2nd Lt. Chad St John, center, works with other Vermont National Guard members to deconstruct a COVID-19 temporary field hospital at the Champlain Valley Expo fairgrounds June 22, 2021. Photo by Riley Robinson/VTDigger

The Vermont National Guard has begun taking apart its Covid-19 field hospital at Champlain Valley Expo in Essex Junction. 

The original 400-bed facility was built in April 2020, as state officials feared an overwhelming number of Covid cases, and it stayed open until around the end of May. It housed some Covid patients, but primarily served other patients who needed longer-term rehab, to alleviate demand and density in hospitals and in residential care facilities. 

Last summer, Guard members disassembled the installation and stored it at Camp Johnson in Colchester. It was reconstructed in smaller form — 250 beds — in November 2020, amid the winter surge, but was never used. 

“It’s just exciting to see it come down,” said Marcus Tracy, acting deputy of the public affairs office for the Guard. “Like it feels like an omen of good things, hopefully.”

Over five to seven days, more than 25 Guard members will take apart the maze of plywood walls and plastic sheeting that divides spaces inside the Robert E. Miller Expo Center. In the hangar-like building, they sort wheelchairs and soap dispensers and electrical wiring into boxes and piles for transport. In the Covid wing, red masking tape still spells out “HOT ZONE” on the floor.

1st Sgt. Erin Graham said the Covid-positive wing of the facility never had more than six patients at any one time. 

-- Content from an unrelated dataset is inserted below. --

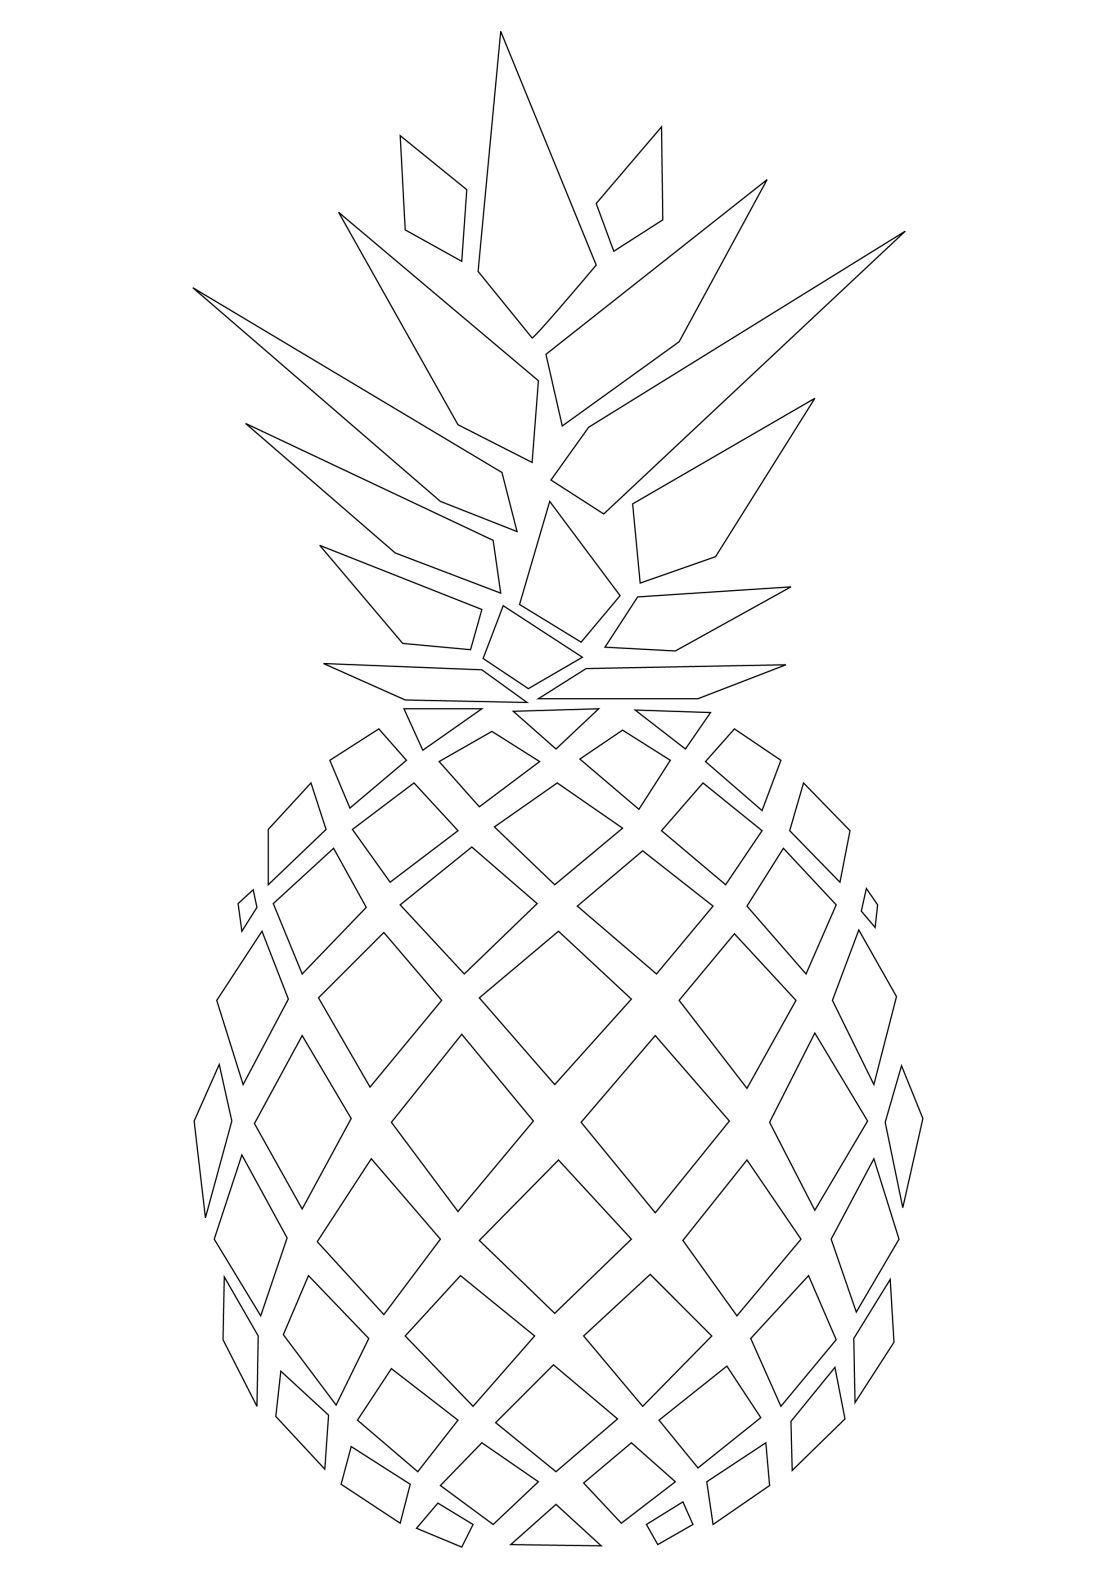 16 Ananas DIY-Ideen  ananas, ananas kunst, heimwerken und

Graham has been in the Guard for 19 years and, in civilian life, is a physical therapist at UVM Medical Center. When her unit, the 40th Army Band, was activated in March last year, she helped construct various temporary health care facilities in Barre, St. Albans and at the UVM fieldhouse. 

She spent much of that spring at the Expo location, supervising a team of about 50. They comprised the facility’s support staff, handling everything from paperwork to bringing patients their food.

“I enjoyed it, in the sense that at a time when the world was kind of going nuts, I was able to wake up in the morning and I had purpose to my day, and I knew what I was coming to do,” she said.

In recent months, the Expo site shifted to offering Covid vaccines, and so has Graham. Alongside other members of the quick response team, she has staffed vaccine clinics across the state at locations ranging from a Montpelier Mountaineers baseball game to a Shelburne vineyard. 

She said she hopes this takedown of the Expo site is the last. 

“I think it’s time. It feels good,” she said. “It is truly amazing what this group of people was able to do in such a short amount of time — more than once — but it’s no longer needed. The fair is coming for the end of the summer, and perhaps some normalcy is coming.”